INFORMATION SUPPLIED ->
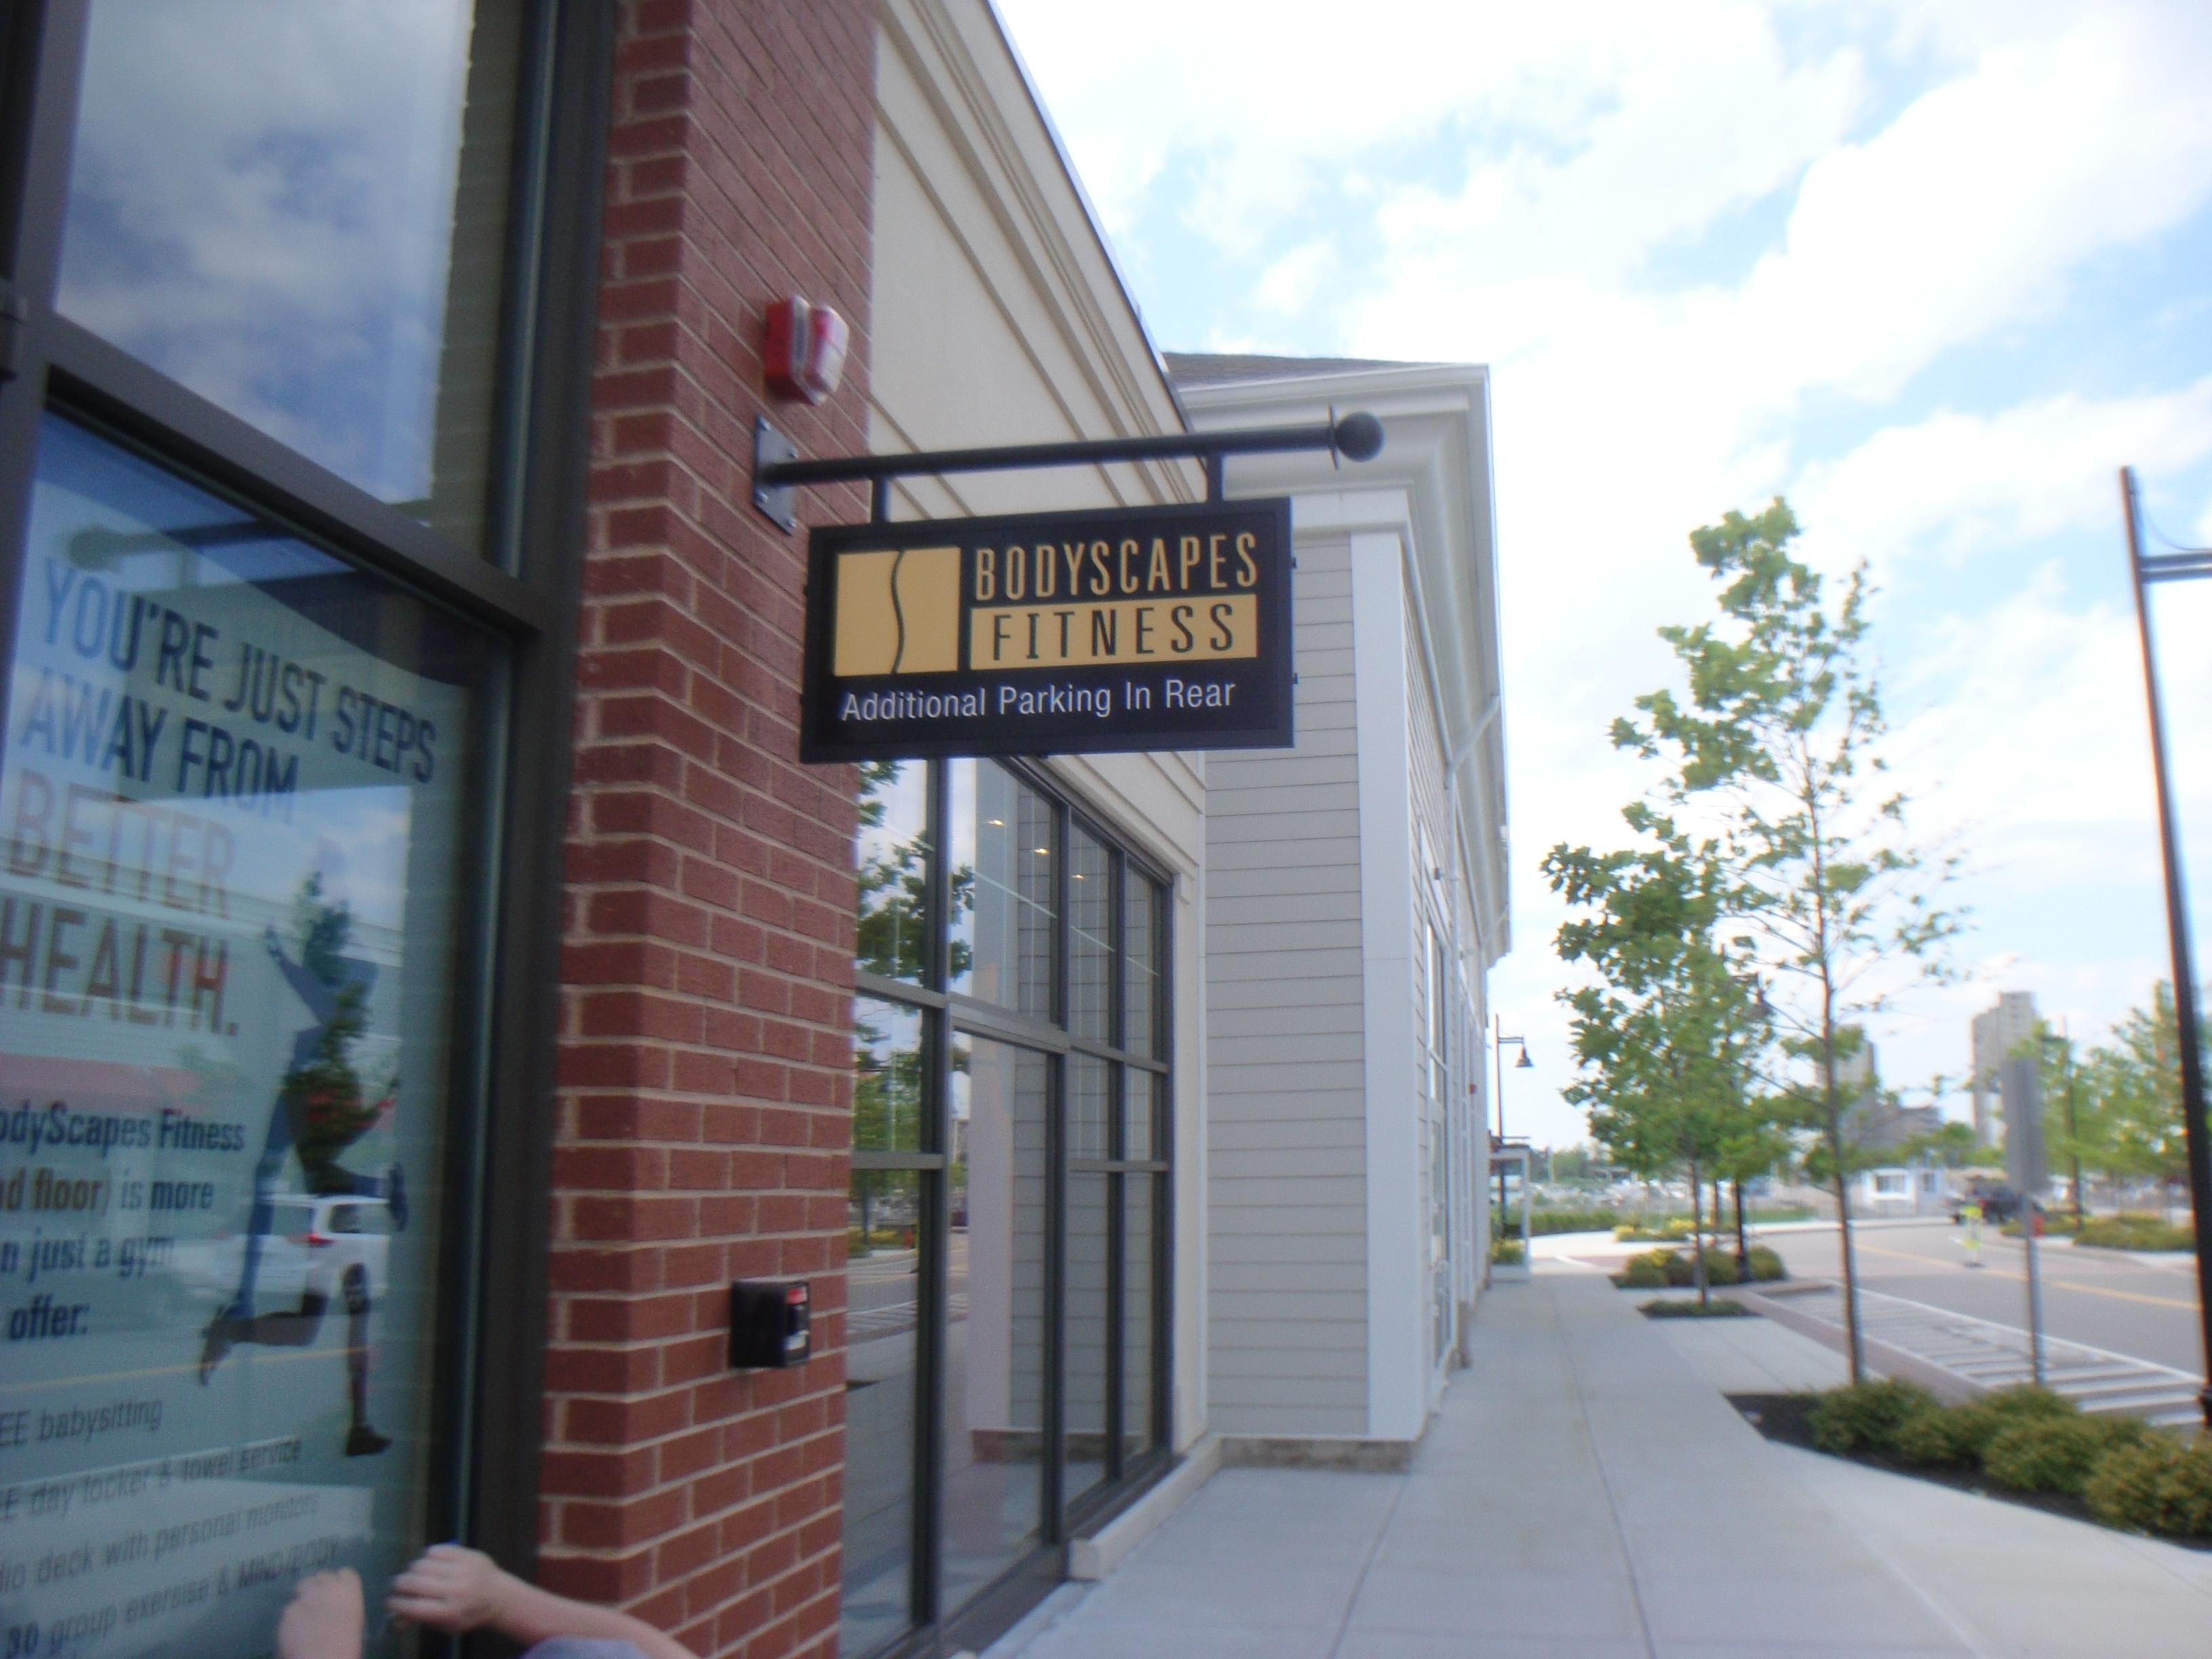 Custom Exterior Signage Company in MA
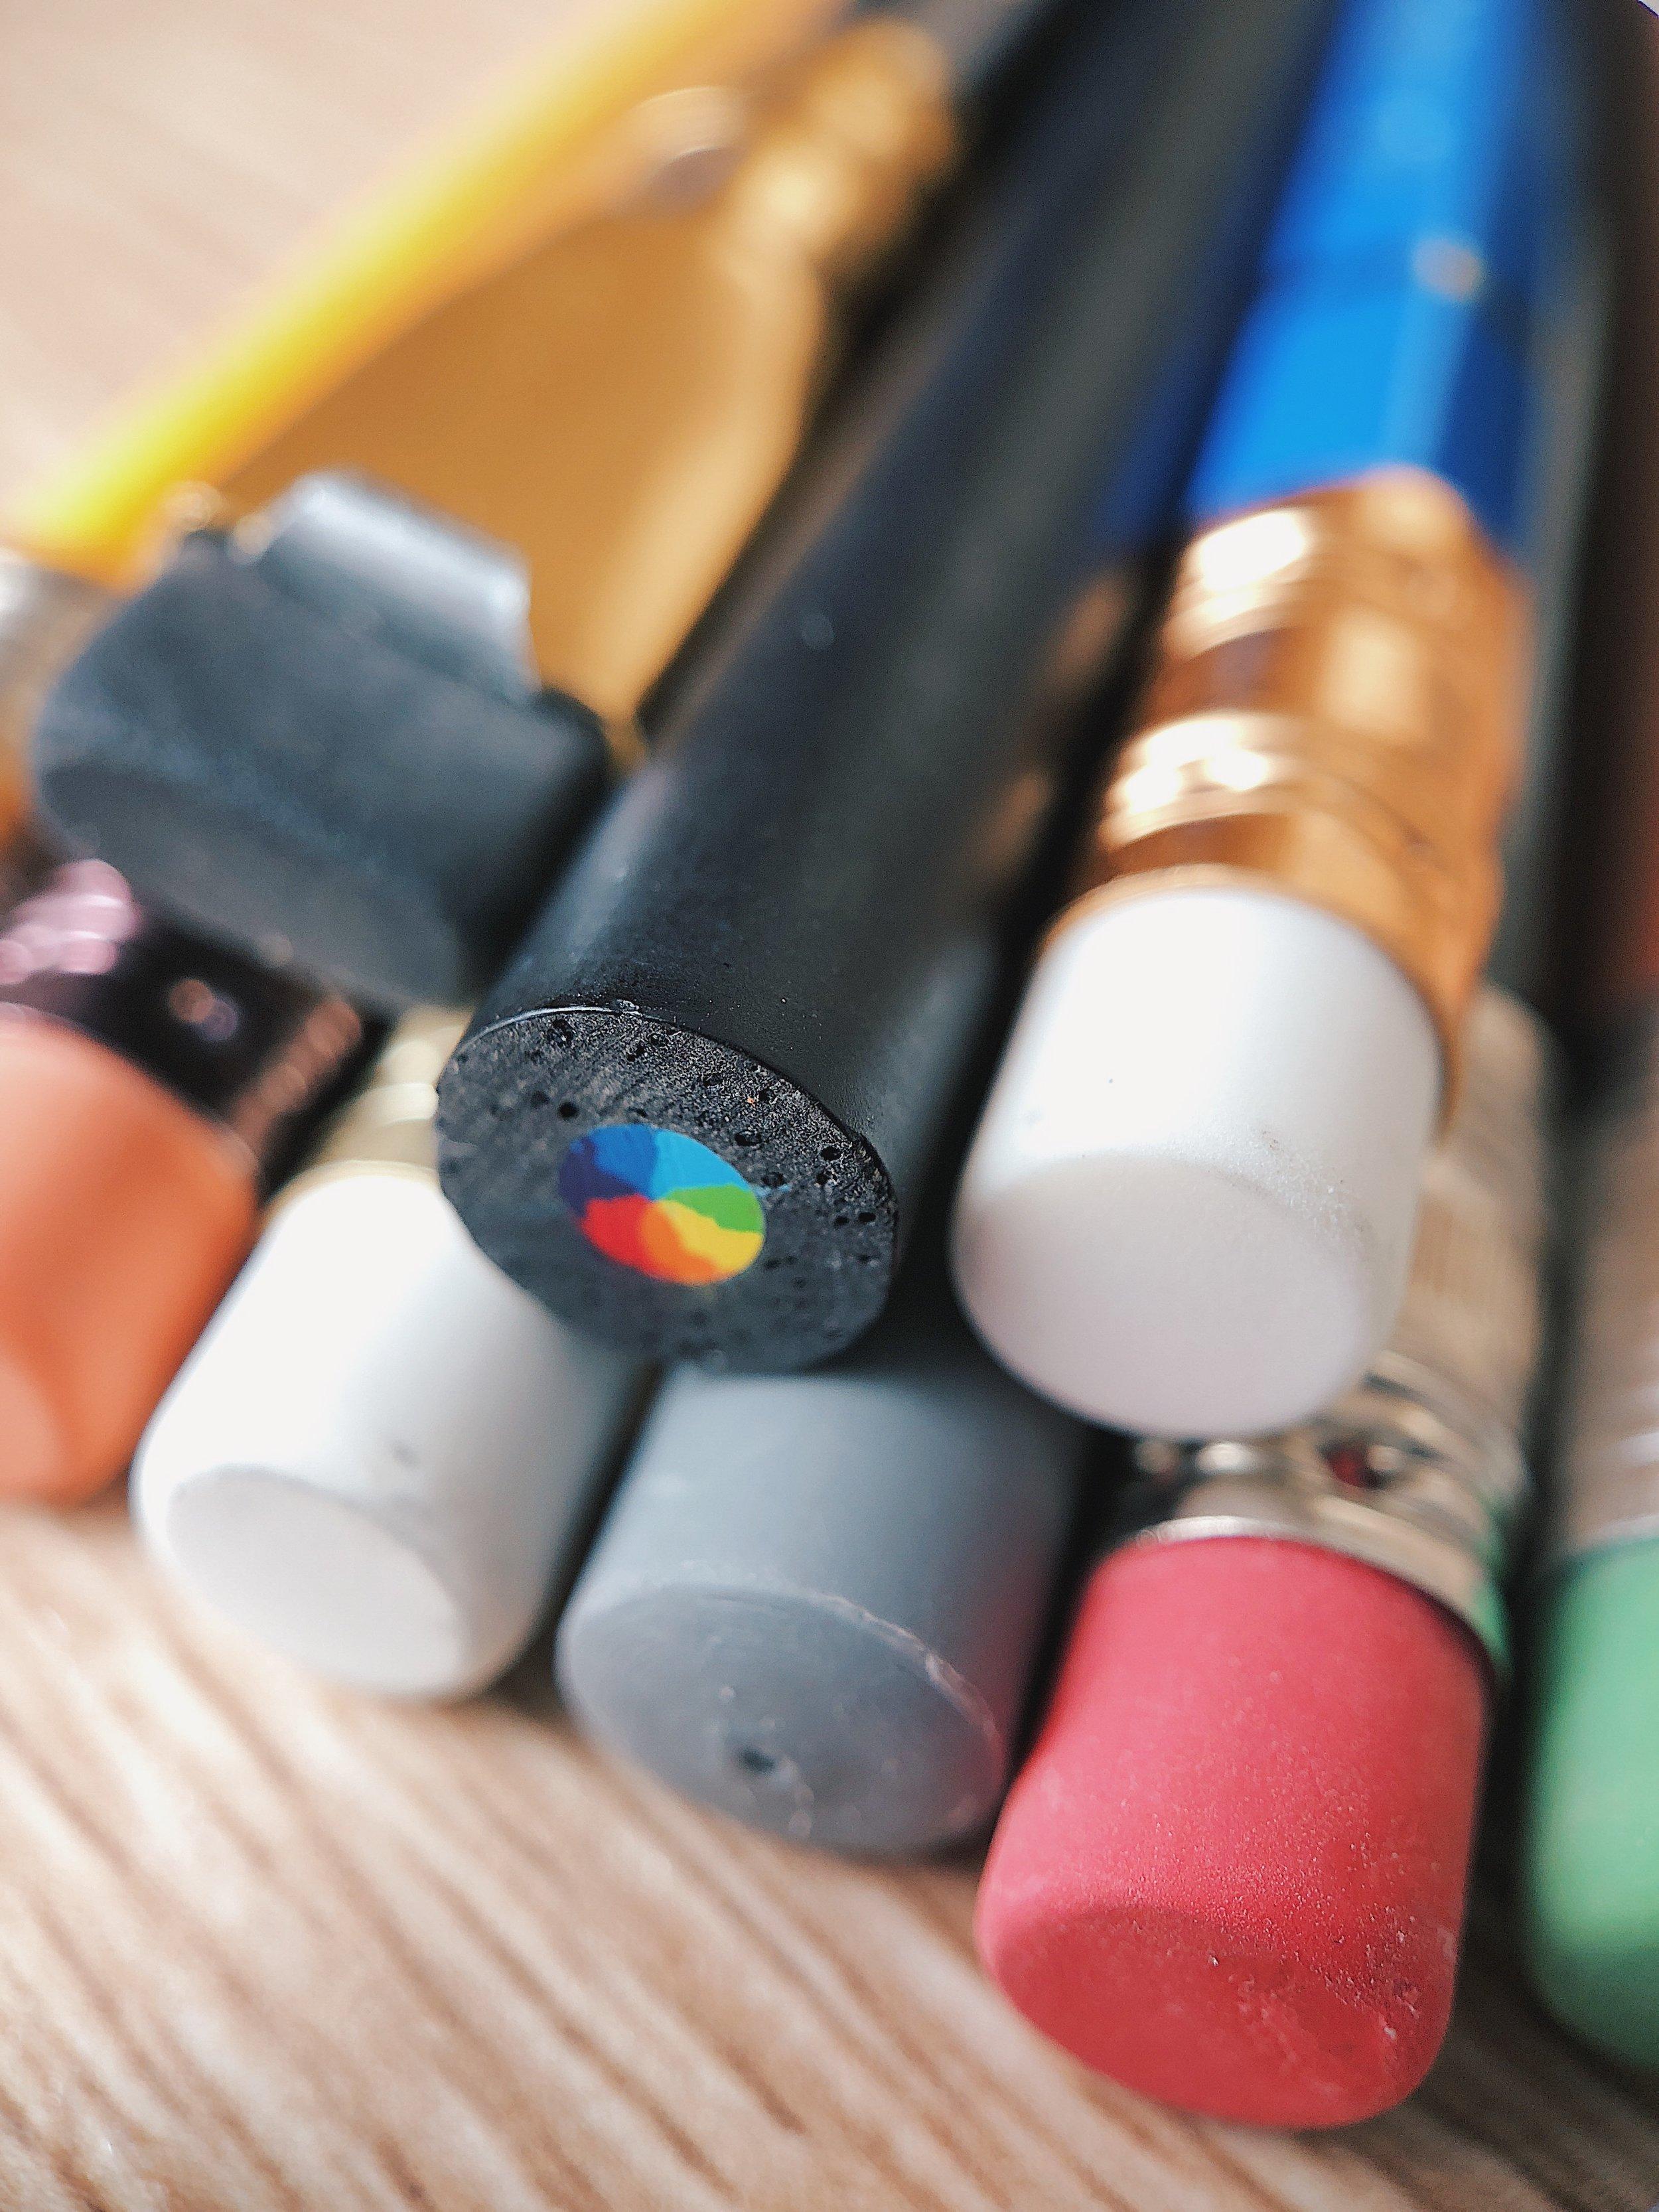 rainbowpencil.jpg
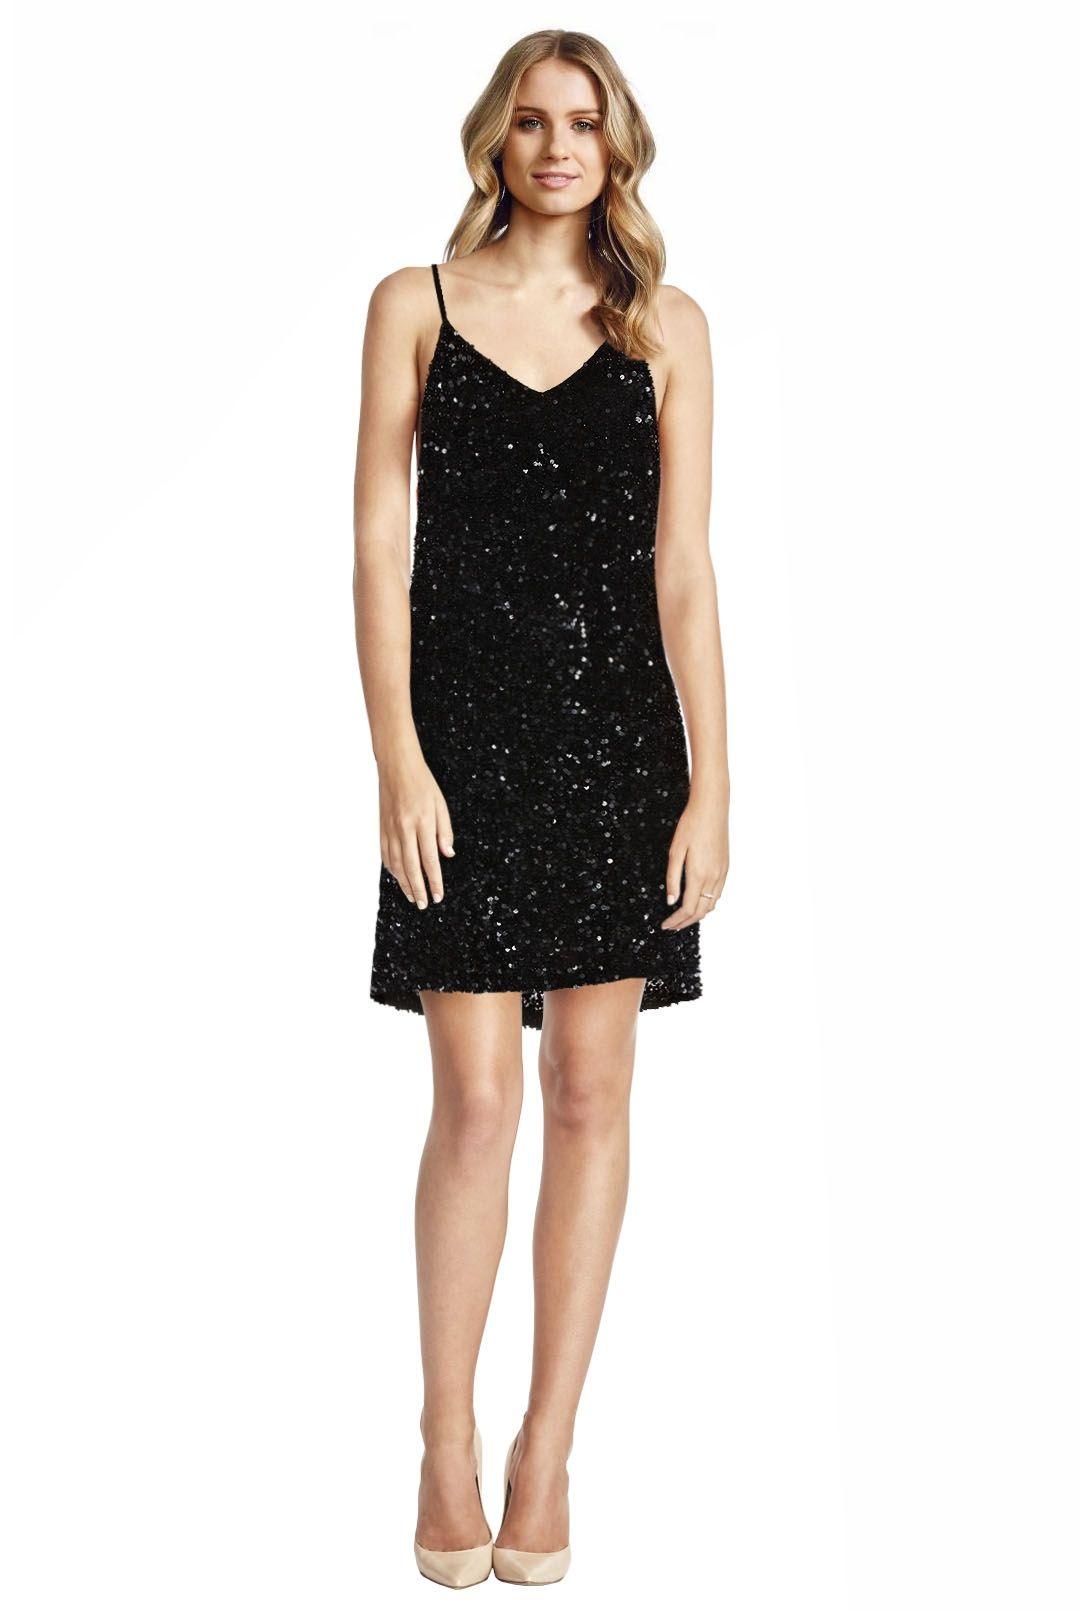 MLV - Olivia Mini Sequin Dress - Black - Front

WORK TO COMPLETE -> Would you give the data above again word for word, skipping any images?

ANSWER FOR THIS EXERCISE ->
 Custom Exterior Signage Company in MA
 rainbowpencil.jpg
 MLV - Olivia Mini Sequin Dress - Black - Front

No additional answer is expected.